За каких-нибудь 2–3 года со времени восшествия на престол Фридриха-Вильгельма IV оппозиционное движение сделало в Германии значительные шаги вперед. Фридрих-Вильгельм IV своими постоянными колебаниями между либеральными уступками и реакционными гонениями как нельзя лучше служил росту оппозиционного движения, которое всегда выигрывало от подобных растерянных колебаний правительственного курса. Брожение во всей стране росло и вширь, и вглубь, оно все лучше политически организовывалось, оно захватывало все более и более широкие слои. Отношения между правительством и народом благодаря этому все более обострялись. Еще недавно провозглашенная новая эра взаимного доверия быстро отходила в прошлое, а борьба между правительством и народом ярко разгоралась. Уступки, которые время от времени правительство со злобой бросало в угоду ненасытному времени, не только не останавливали, но еще усиливали оппозиционное движение.

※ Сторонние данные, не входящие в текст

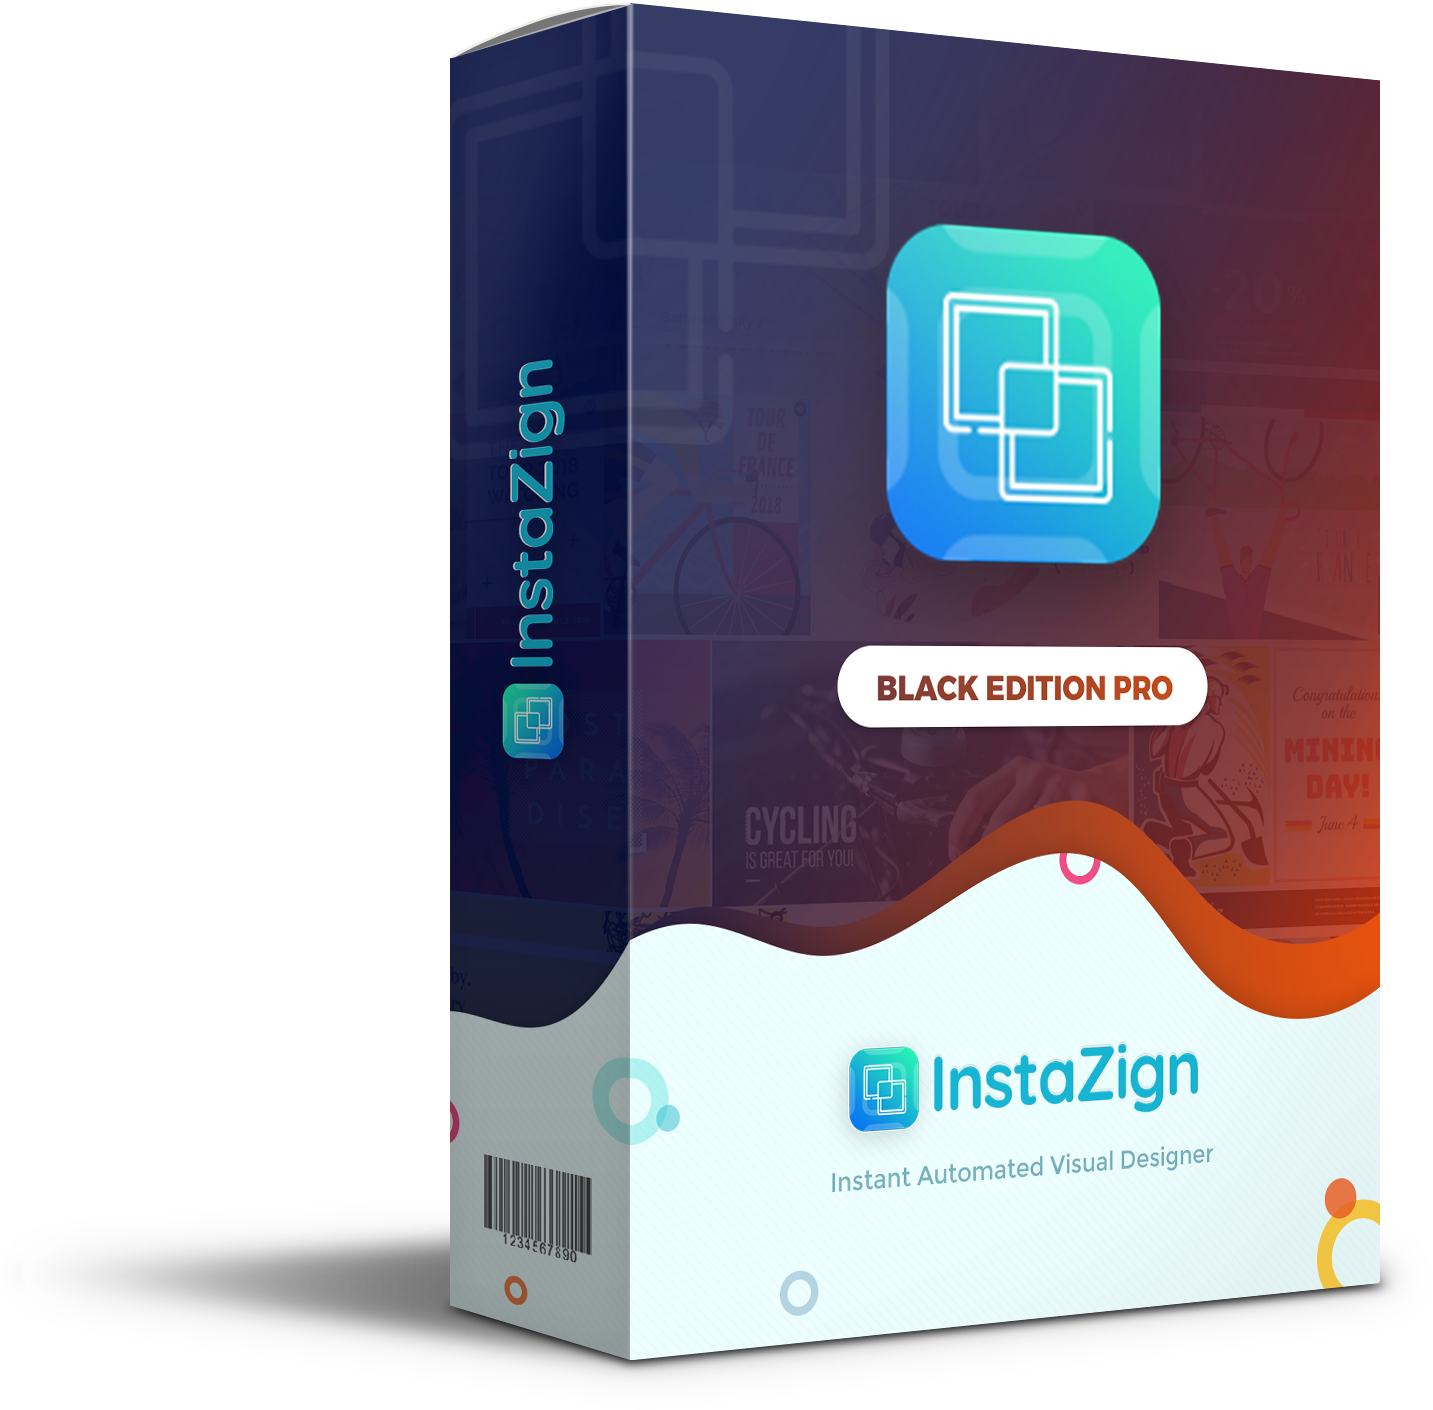 Instazign Review: *Read Here Before Buying this Product* 10
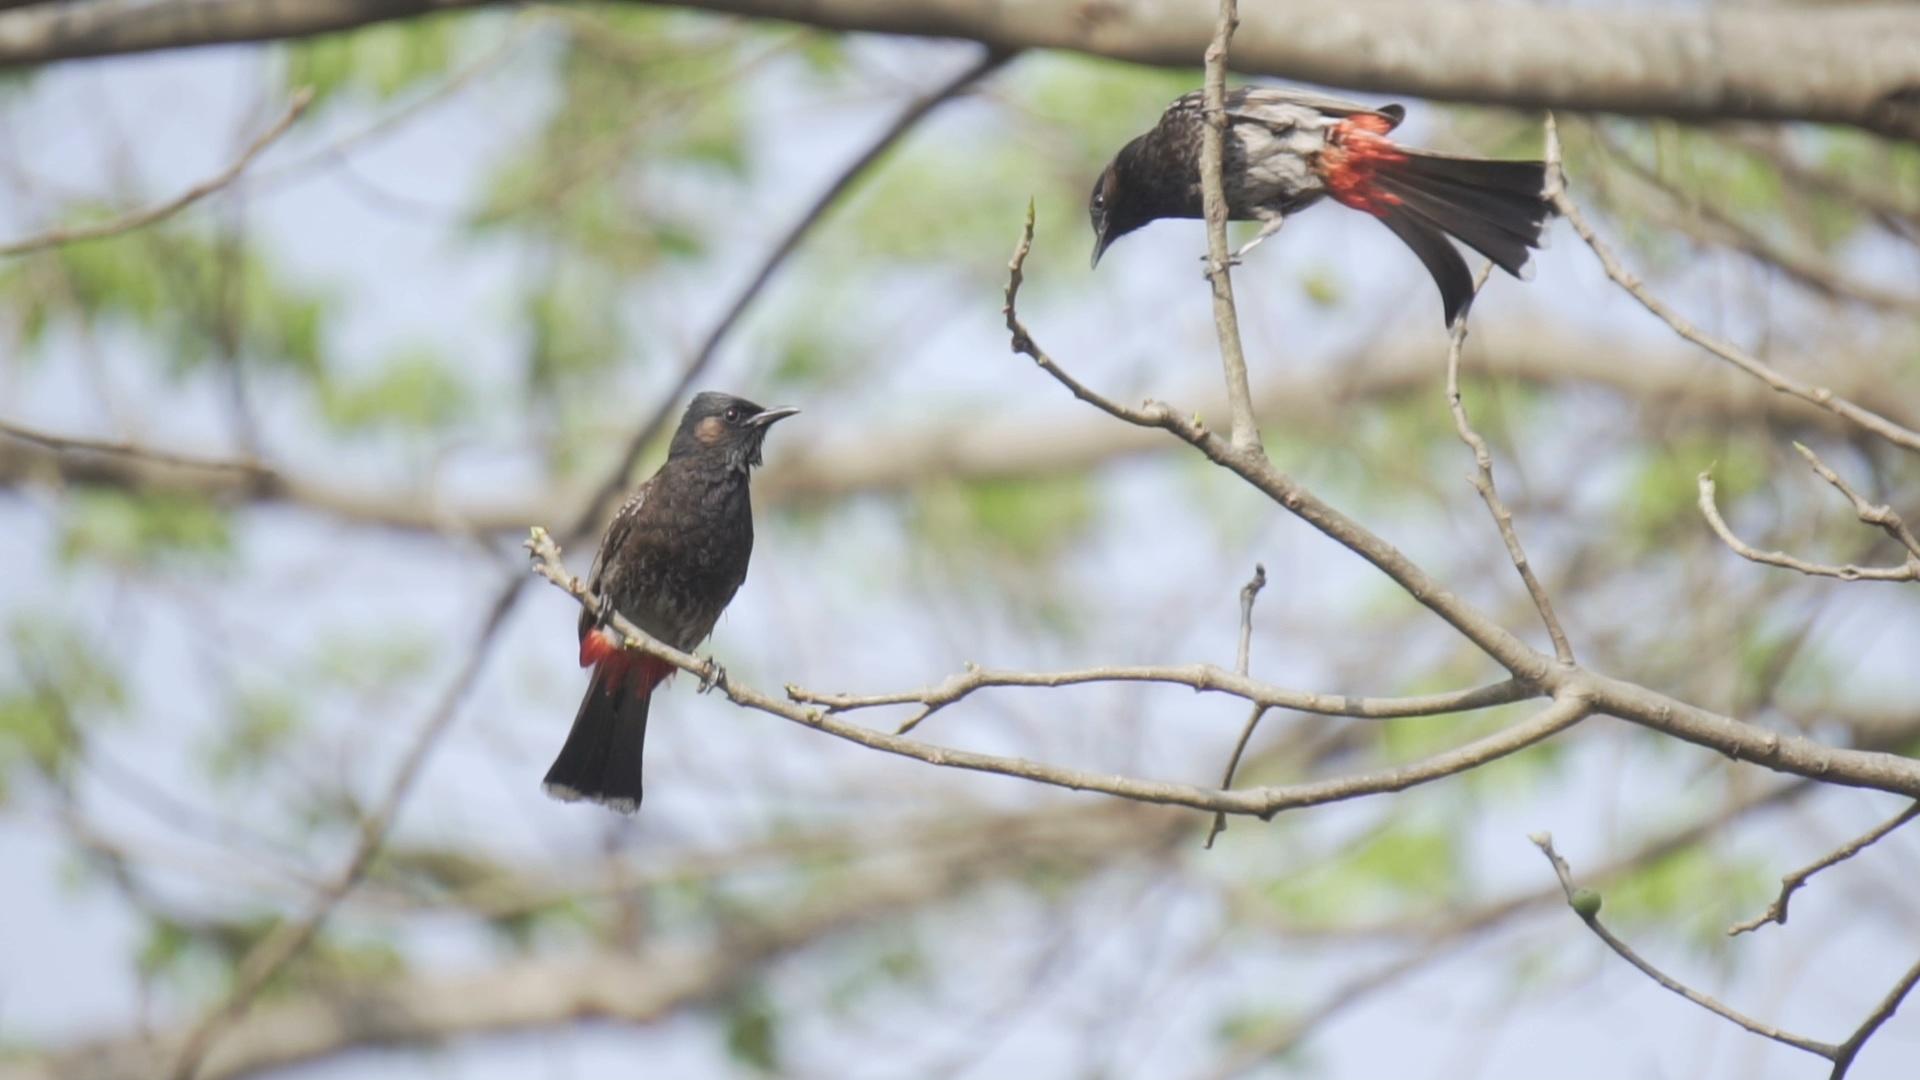 Two Red Vented Bulbuls Interacting with each other in slow motion

Фридрих-Вильгельм IV был серьезно уверен в божественности своей власти, а между тем в стране «божественный авторитет» королевской власти находил все менее и менее верующих. Народ начинал все более и более скептически относится к уверениям правительства. «Самой характерной чертой переживаемой эпохи, – говорит один из современников, – является упадок веры в правдивость правительства. Даже делались все усилия, чтобы открыто заявить об этом недоверии. Так, например, в Берлине появилась книга «Речи и тосты короля», представляющая простое сопоставление различных речей короля и на этом примере иллюстрирующая, насколько официальные речи не отвечают истине. Ореол власти Божьей Милостью уже не ослеплял глаз, пурпур уже не скрывал человека».
Как глубоко понимало правительство характер оппозиционного движения, хорошо показывает заявление кенигсбергского обер-президента, уверявшего, что он «вполне точно знает, что кенигсбергские либералы находятся на жалованье у русского правительства».
Такова была общая атмосфера политической жизни Германии той эпохи, когда Карл Маркс, сдав свой государственный экзамен, собирался вступить на поприще профессорской деятельности. Мы же видели, что реакционные гонения, предпринятые немецким правительством против ближайшего друга Маркса Бруно Бауера, и лишение последнего кафедры ясно показали Марксу, что с кафедр тогдашней Германии свободная наука не могла преподаваться. Оставив окончательно мысль о профессорской деятельности, Маркс решил отдаться публицистике.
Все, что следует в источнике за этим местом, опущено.